Today I  take a look at the health benefits of hugs.

Though it might seem like a simple gesture, hugging can have a significant impact on our physical and mental health.

Find out more in my latest video. (If you would prefer to read about it instead, there is a transcript below the video).

Health Benefits of Hugs – Video Transcript

Health benefits of hugs, really? Most certainly there are, I feel quite strongly about this subject.

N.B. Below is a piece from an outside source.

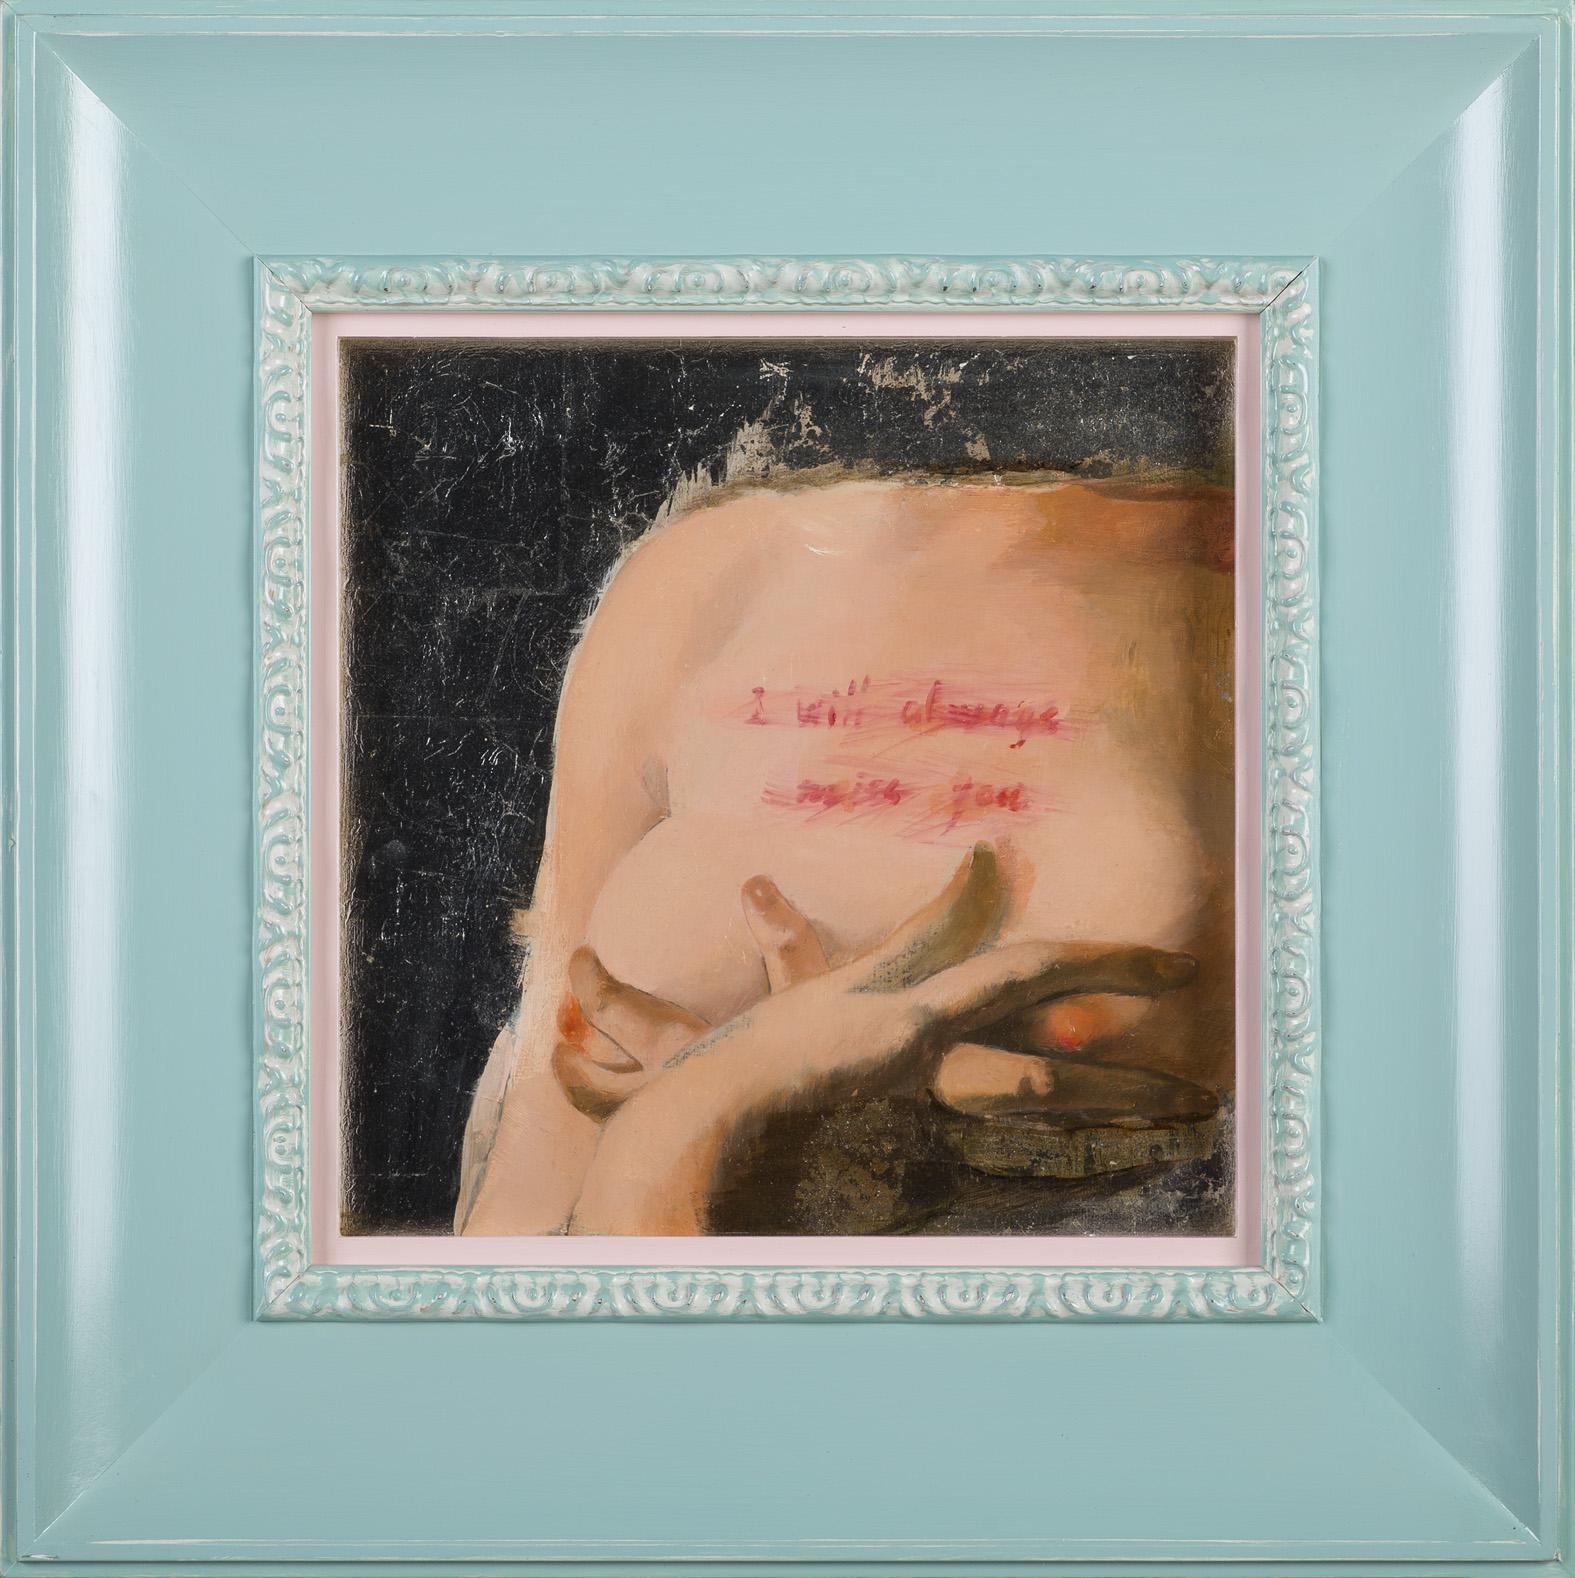 Wu Di 吴笛, 巴不洛克, 2014, Oil on board and gold foil 木板油画、金箔, 30 x 30 cm

We hug when we’re excited, happy, or sad, it makes us feel good, healthier and happier.  And research backs this up.

Our skin is hungry for touch, our bodies want to be touched because that’s how we’re wired.

‘Skin hunger’ is a layman’s term for what, in research, is known as ‘affection deprivation’, can be associated  to stress, depression, loneliness and anxiety.

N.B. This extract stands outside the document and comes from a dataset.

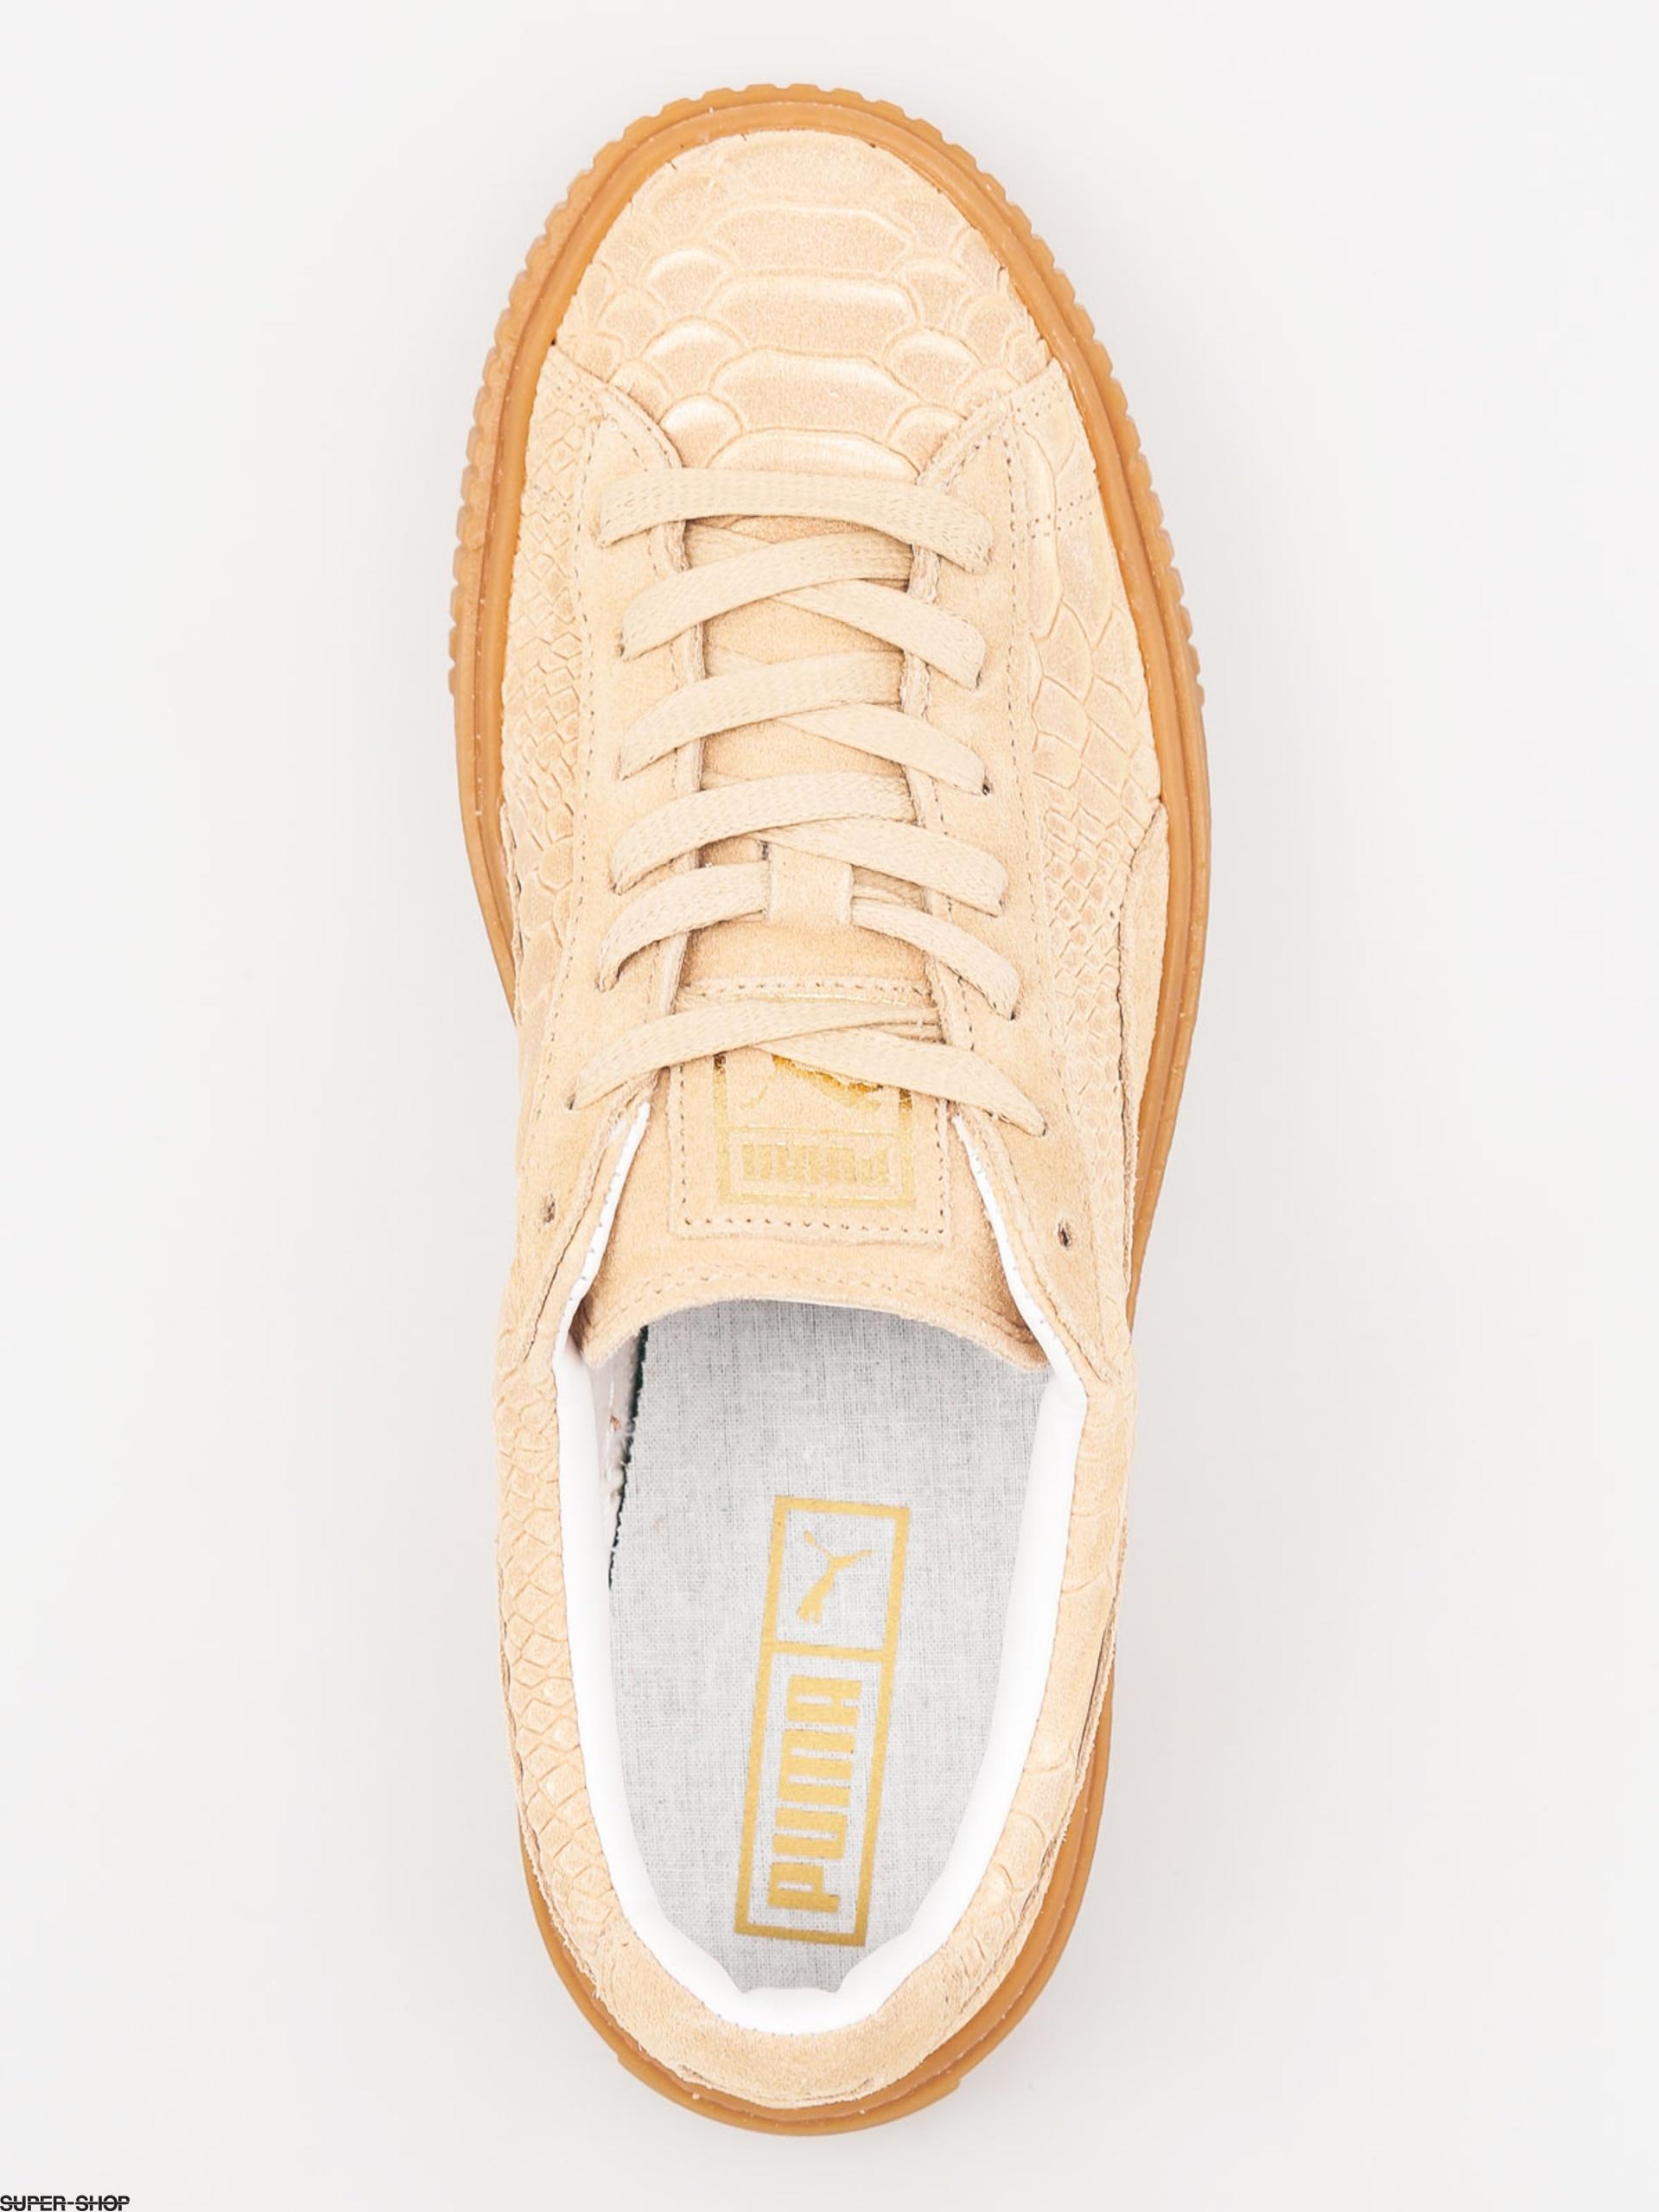 good selling hot sale elegant shoes http://jumble.2020results.com/7-bkbnt/7vl3o8j/ http://www ...

When we move the skin, like when we hug, it stimulates pressure receptors which are transmitted to the vagus nerve.

The vagus nerve is the largest cranial nerve, that has many branches in the body, and increased vagal activity calms the nervous system.  It also reduces the primary stress hormone – cortisol – which in turn boosts our natural killer cells that kill virus’s, and bacteria.


Also, from the time we’re born, our family’s touch shows us that we’re loved and special, this is  embedded in our nervous systems, and the ongoing cuddles we got from Mum and Dad while growing up, remain imprinted  at a cellular level

On the ‘sciency’ side, oxytocin is a chemical in our bodies that is sometimes called the “cuddle hormone.” This is because its levels rise when we hug, touch, or sit close to someone that we like.

Oxytocin also calms our heart rates, helping us to relax, to feel safe and to calm our fears and anxiety.

This has a knock on effect on our immune systems reducing the chances of getting sick.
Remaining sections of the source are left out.